**YOUR GOAL:**
The copy you return must match the listing word for word and carry no pictures.

**GIVEN INFORMATION:**
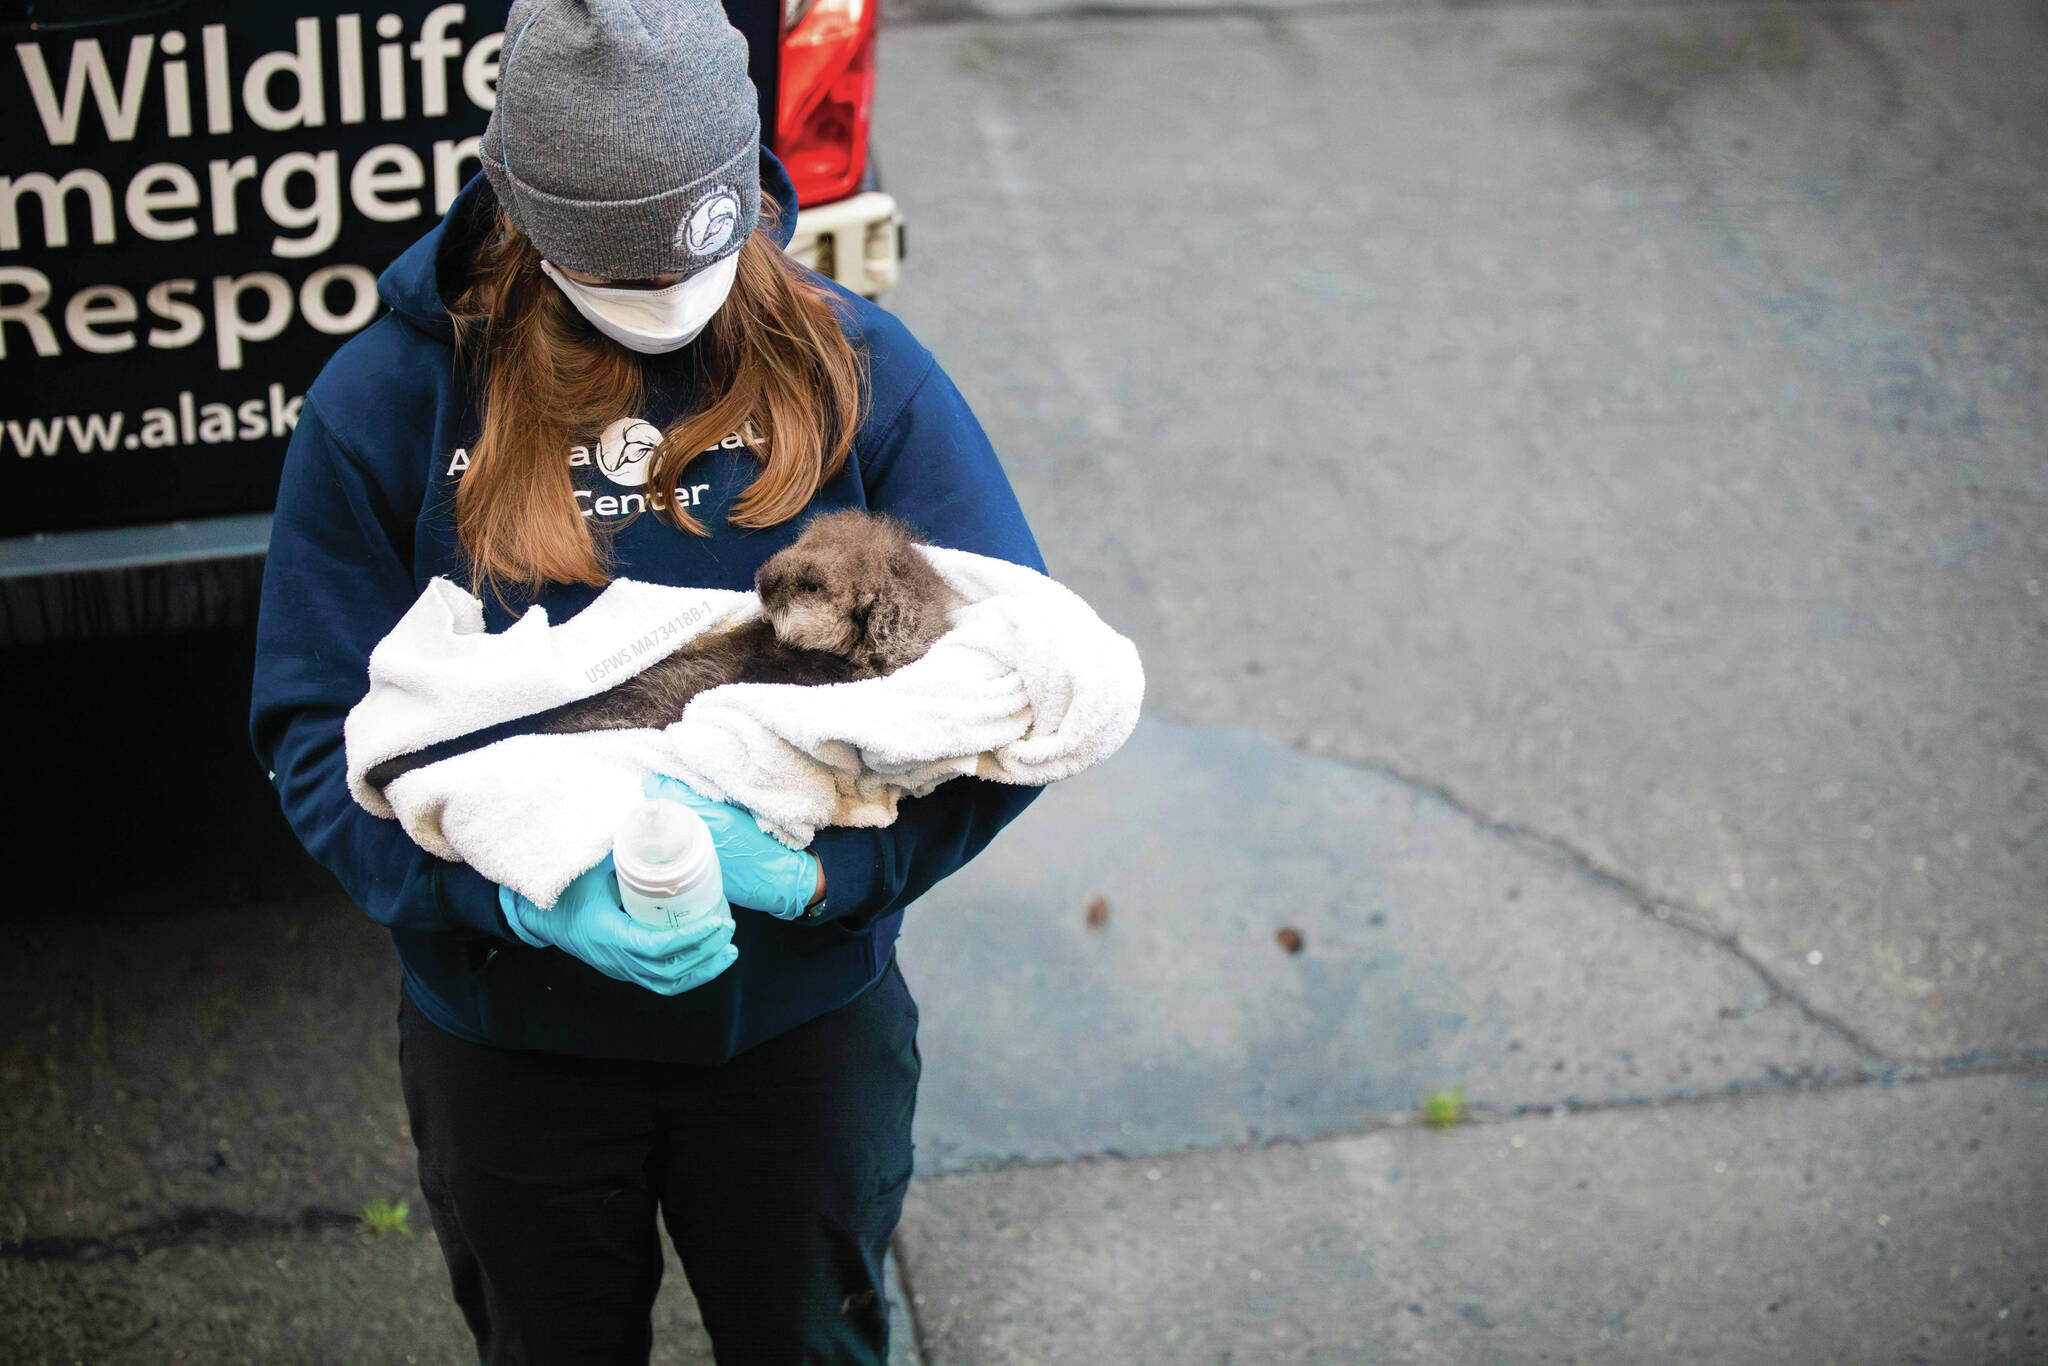 Alaska SeaLife Center veterinary technician Jessica Davis carries a newborn otter pup patient into the Alaska SeaLife Center Veterinary clinic for an initial admit exam on Sept. 9. The otter pup was admitted to the ASLC Wildlife Response Program after witnesses watched orcas attack the pup’s mother. (Photo courtesy Peter Sculli/Alaska SeaLife Center)
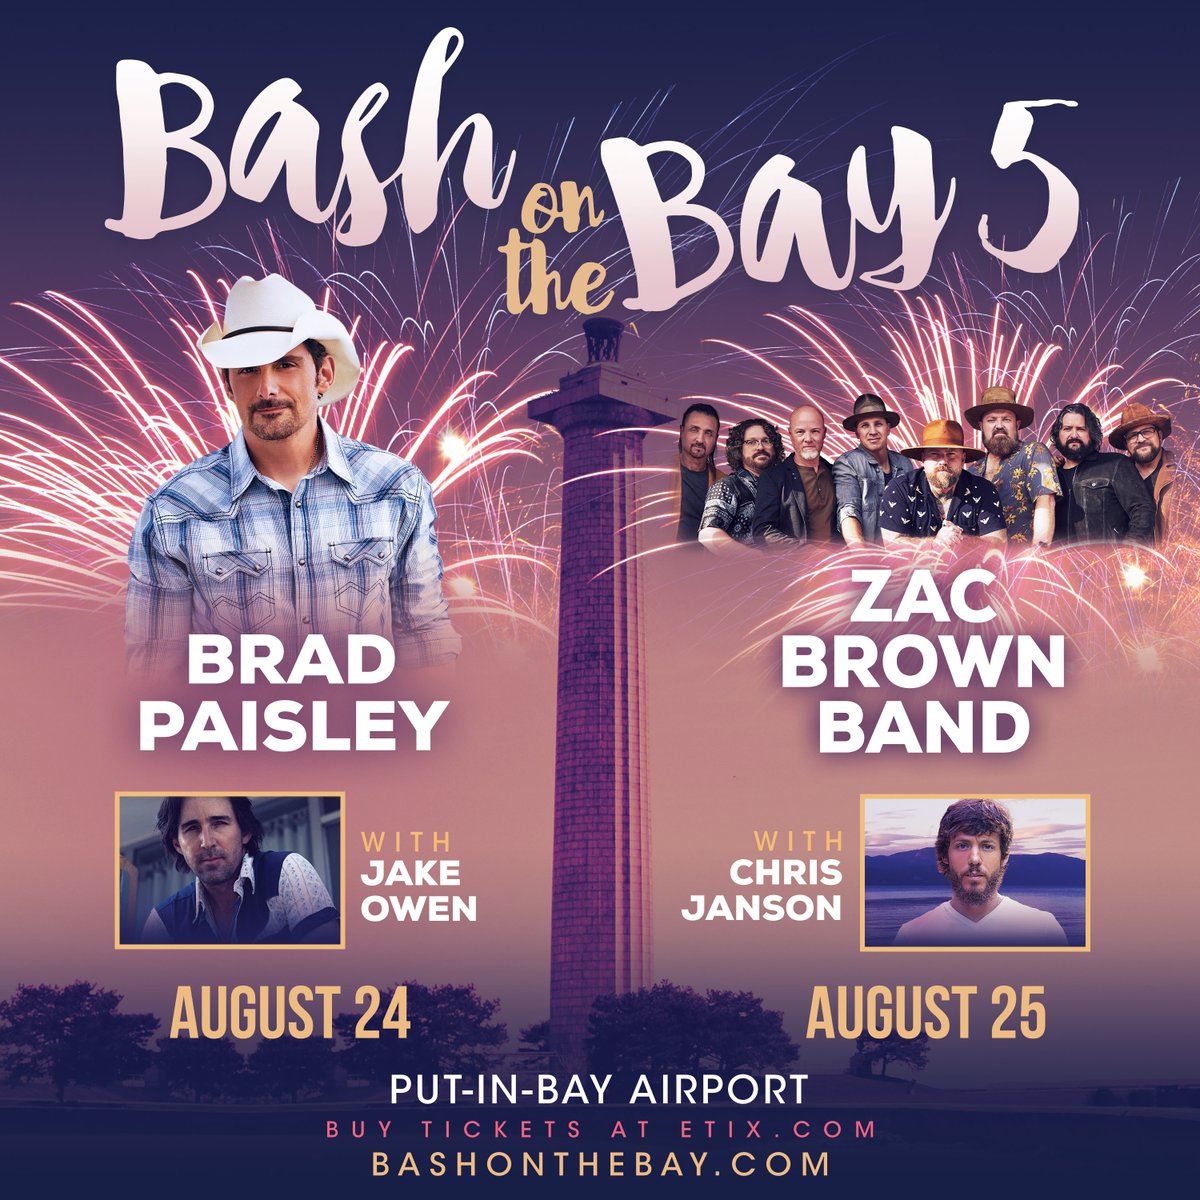 See Brad Paisley, Jake Owen, and Blanco Brown on Wed August 24! 

Click here---> https://t.co/iisHckselt https://t.co/4JduASeLiE

**EXERCISE RESPONSE:**
 Alaska SeaLife Center veterinary technician Jessica Davis carries a newborn otter pup patient into the Alaska SeaLife Center Veterinary clinic for an initial admit exam on Sept. 9. The otter pup was admitted to the ASLC Wildlife Response Program after witnesses watched orcas attack the pup’s mother. (Photo courtesy Peter Sculli/Alaska SeaLife Center)
 See Brad Paisley, Jake Owen, and Blanco Brown on Wed August 24! 

Click here---> https://t.co/iisHckselt https://t.co/4JduASeLiE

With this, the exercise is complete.